Available data:

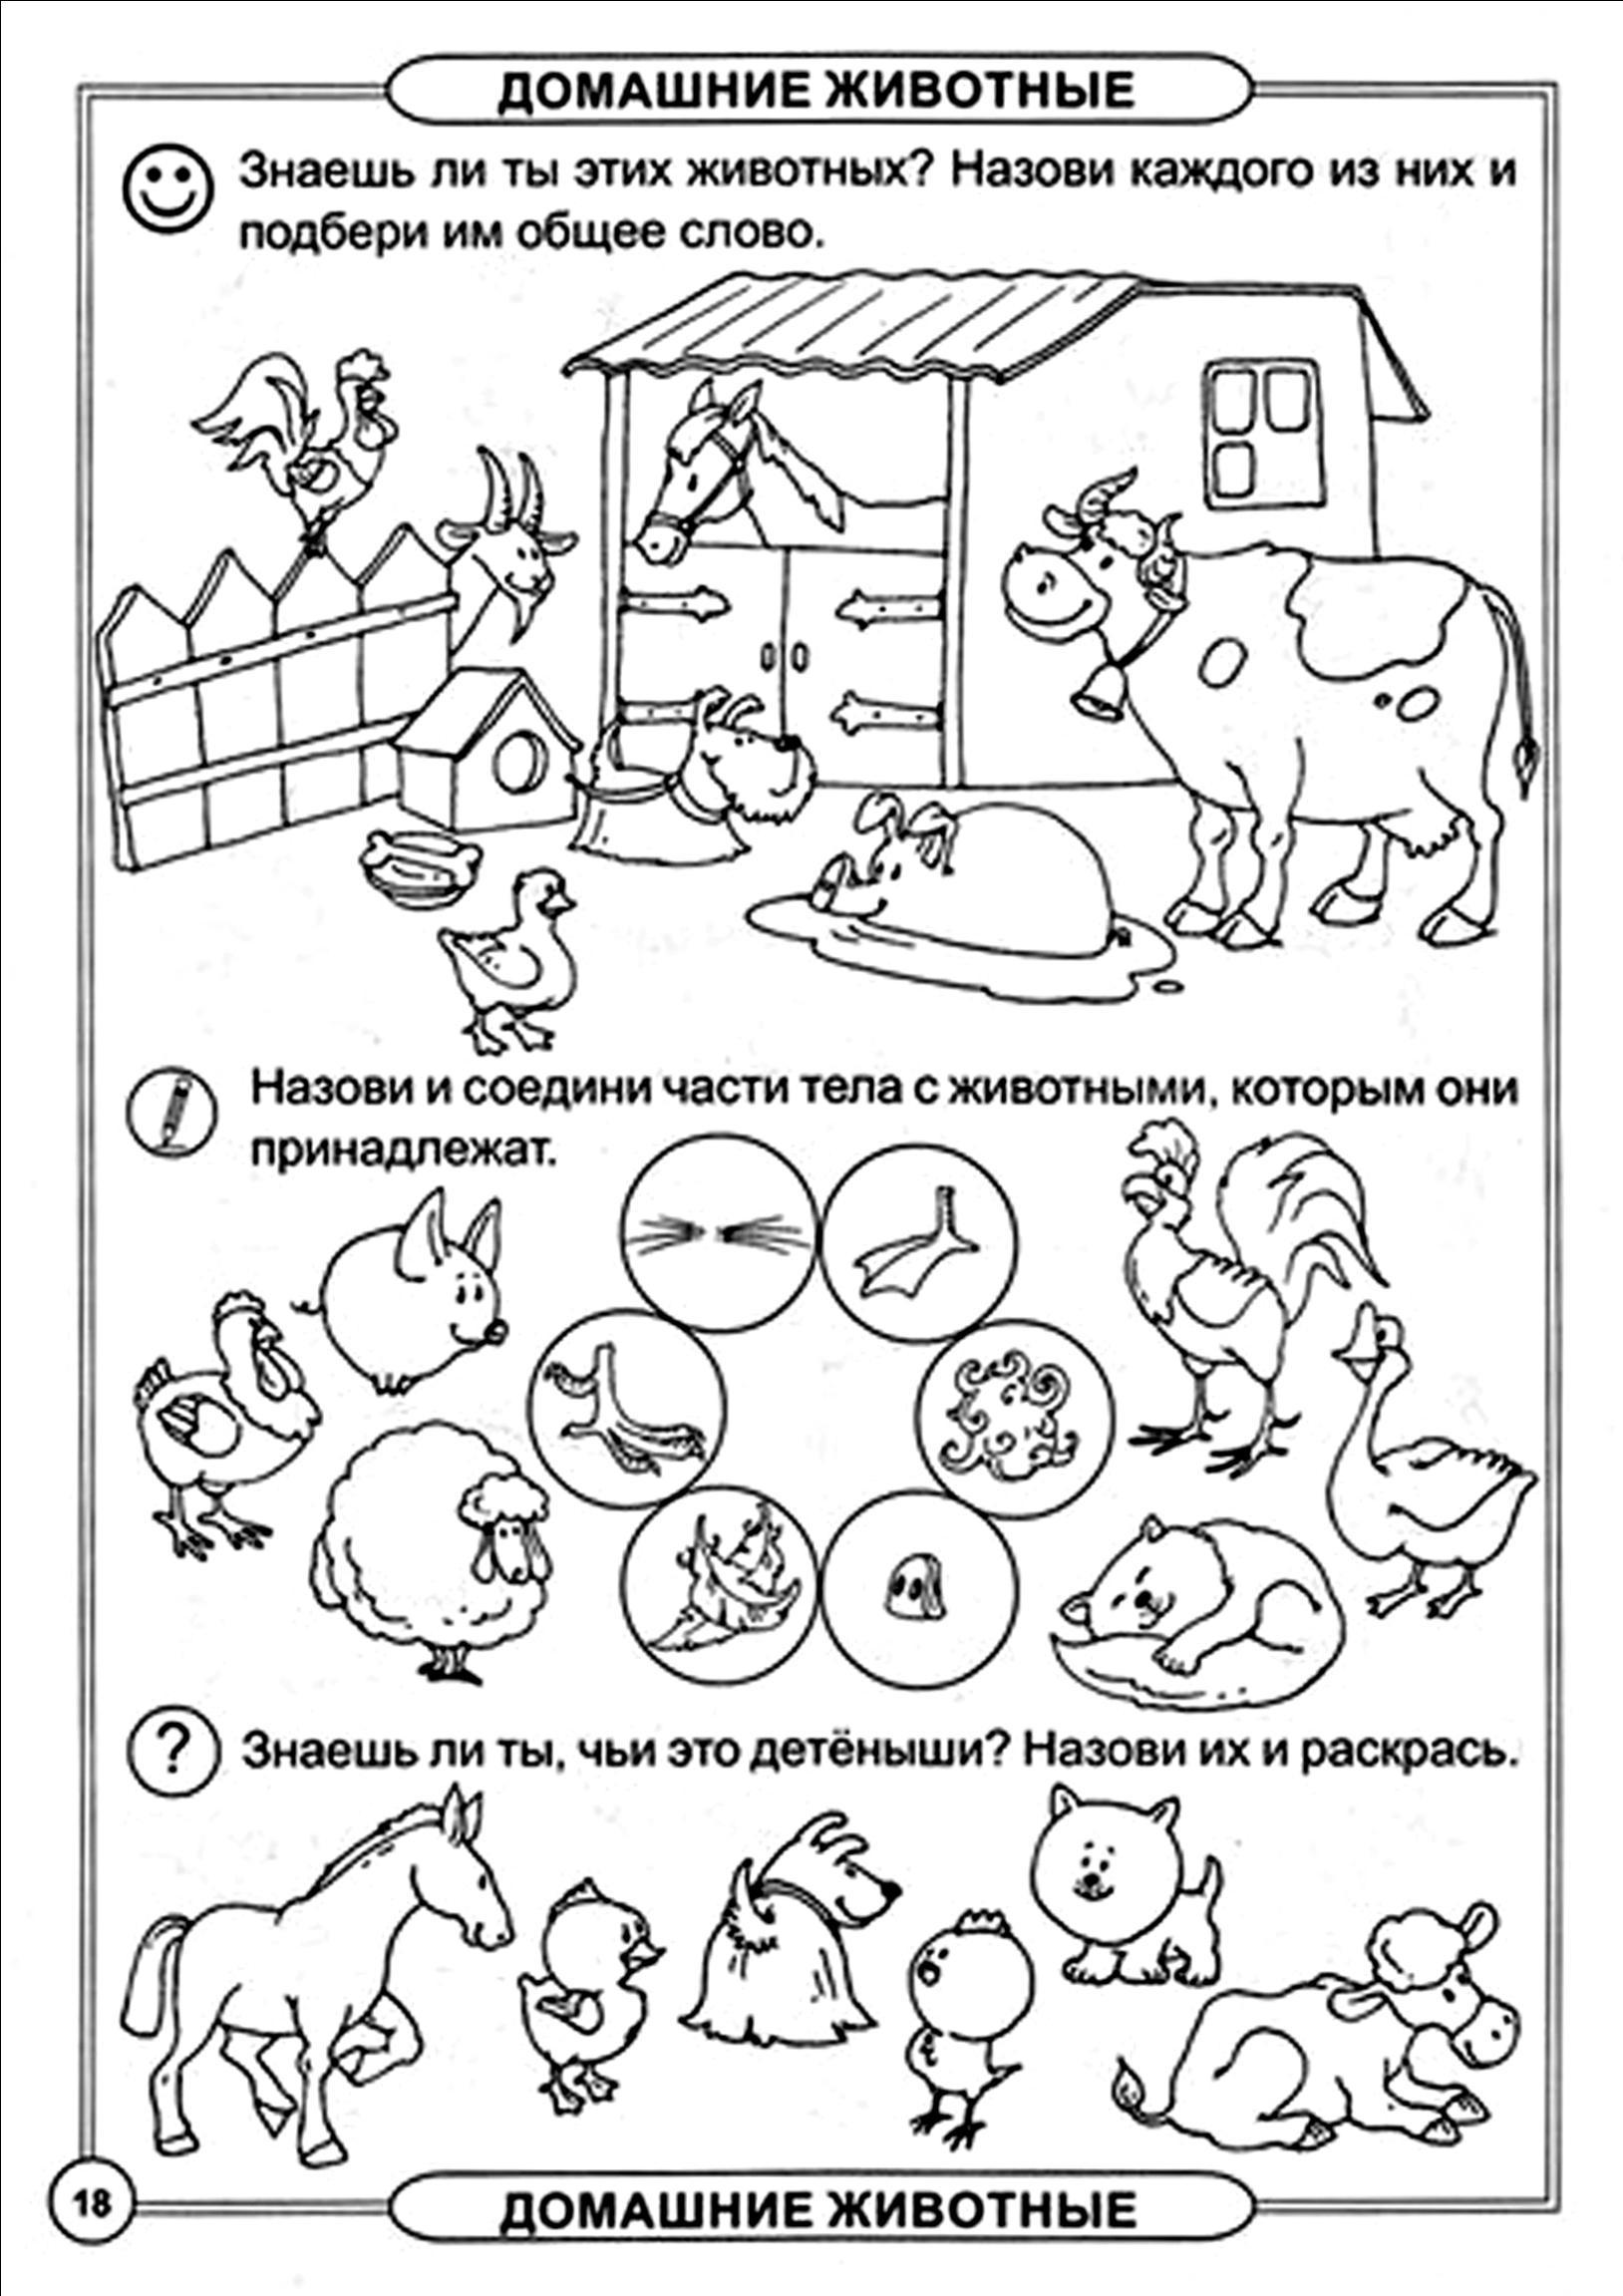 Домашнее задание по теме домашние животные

...

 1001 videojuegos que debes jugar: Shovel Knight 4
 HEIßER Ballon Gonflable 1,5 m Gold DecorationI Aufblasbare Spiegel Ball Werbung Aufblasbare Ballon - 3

What you need to do:
Among the entries above, locate the lines containing "1001 videojuegos que" and "HEIßER Ballon Gonflable", and transcribe exactly those two lines and all lines between.

Solution to this exercise:
 1001 videojuegos que debes jugar: Shovel Knight 4
 HEIßER Ballon Gonflable 1,5 m Gold DecorationI Aufblasbare Spiegel Ball Werbung Aufblasbare Ballon - 3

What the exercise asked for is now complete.